The best plants for a vertical garden are those that are happy in small containers and can flourish in a limited space. A wide variety of plants can be grown in a vertical garden, ranging from ferns, herbs, and succulents to small perennial shrubs, trailing vines, and grasses.

Vertical gardens can range from simple black canvas pockets to elaborate living art frames and troughs equipped with water reservoirs. Let’s take a deeper look at vertical gardens, how they are constructed, what plants are best for growing in them, and how to maintain a healthy, happy vertical garden.

What is a Vertical Garden?  

A vertical garden is quite literally a garden that grows in a vertical position instead of a horizontal one. Vertical gardening is a technique used to grow plants on a vertically suspended panel when space is limited or to brighten up an office space.

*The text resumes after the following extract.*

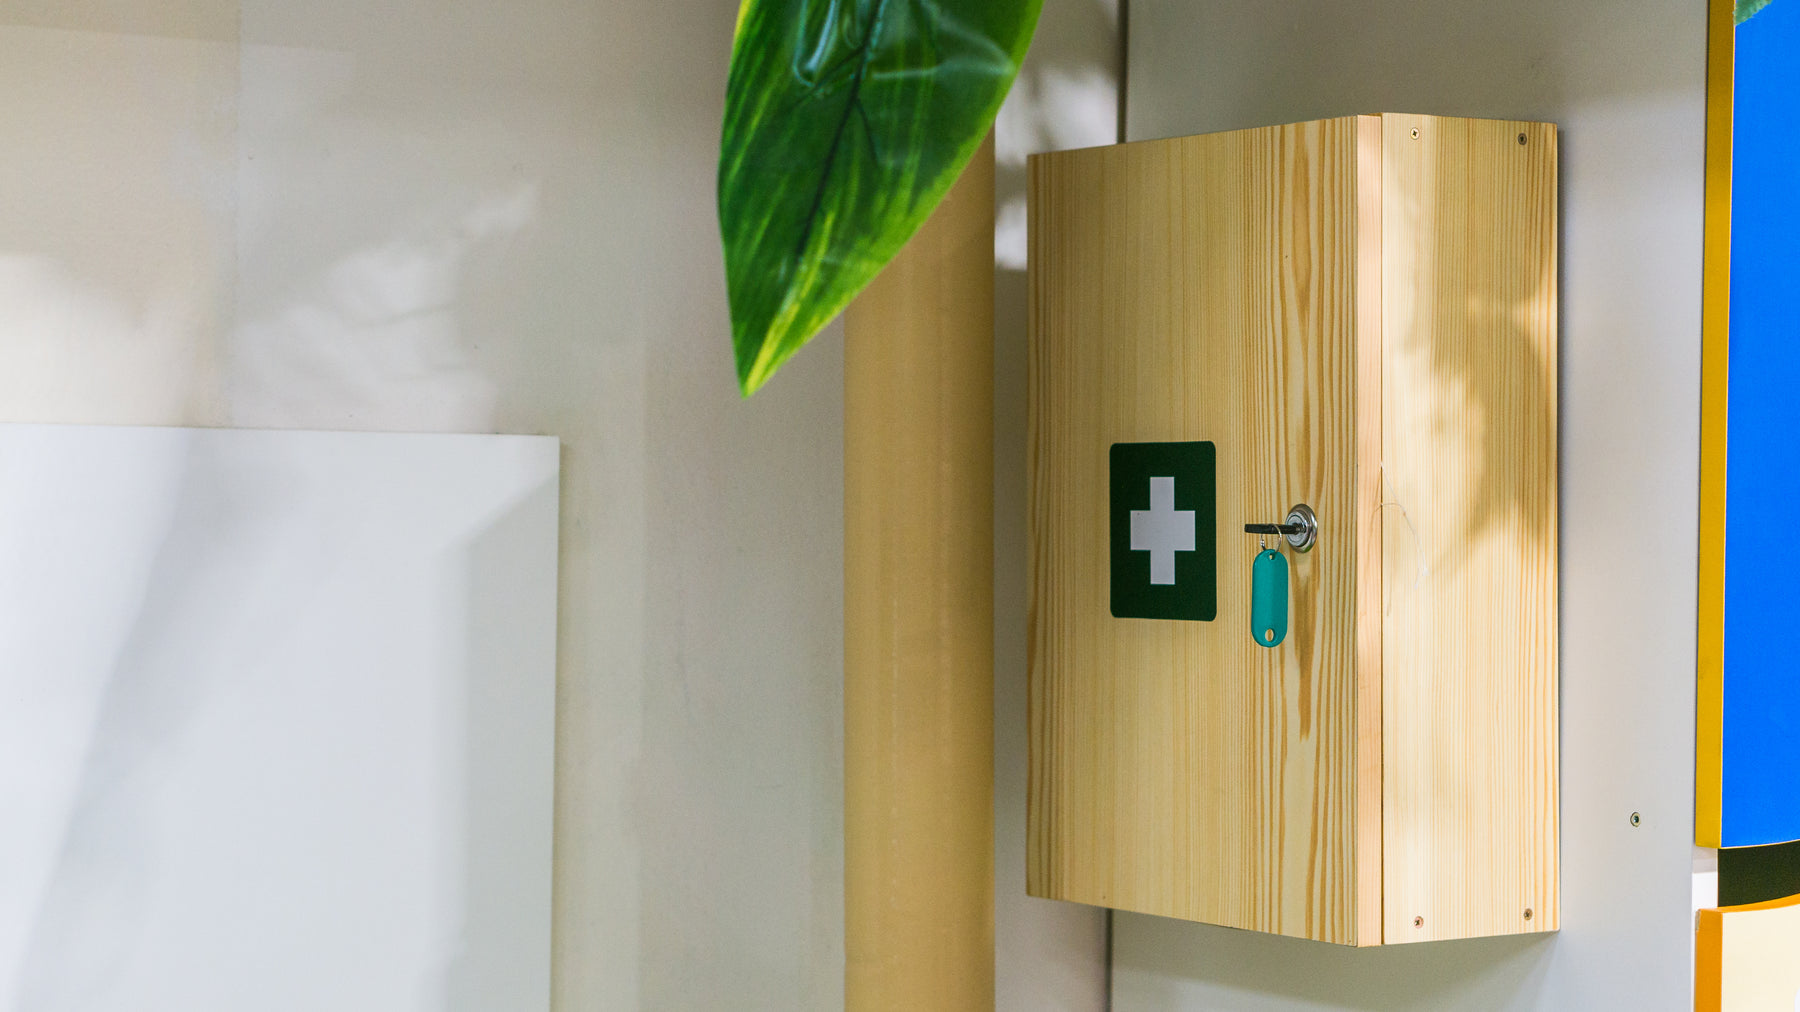 Can we help you find the best cabinet for your defibrillator?

Also known as green walls, vertical gardens can be attached to a wall or tiered surface like fences, trellises, and posts, or they can be freestanding. Most vertical gardens use a vertically applied growth medium like a hydroculture felt, soil substrate, or regular soil. More elaborate vertical gardens have integrated hydration and fertigation delivery systems.

How To Create a Vertical Garden

Vertical gardens are not only practical and space-saving alternatives to traditional gardens, but they are fairly easy to create and maintain. There is a wide variety of styles of vertical gardens from bamboo trellises, pallet gardens, and hanging wall planters to creative styles like ladder shelving and tin can fence gardens.  

The type of vertical garden will depend on the amount of space available and personal preference. Here are some creative ideas for vertical gardens:

  • Hanging planter garden
  • Fabric herb garden
  • Pallet garden
  • Tin can fence garden
  • Trellis garden
  • Ladder shelving garden
  • Clay pot vertical garden
  • Succulent wall garden
  • Stacked crate garden
  • Recycled soda bottle hanging or wall garden

Factors to Consider When Creating a Vertical Garden

When it comes to choosing what plants are best for your vertical garden, there are several factors to consider.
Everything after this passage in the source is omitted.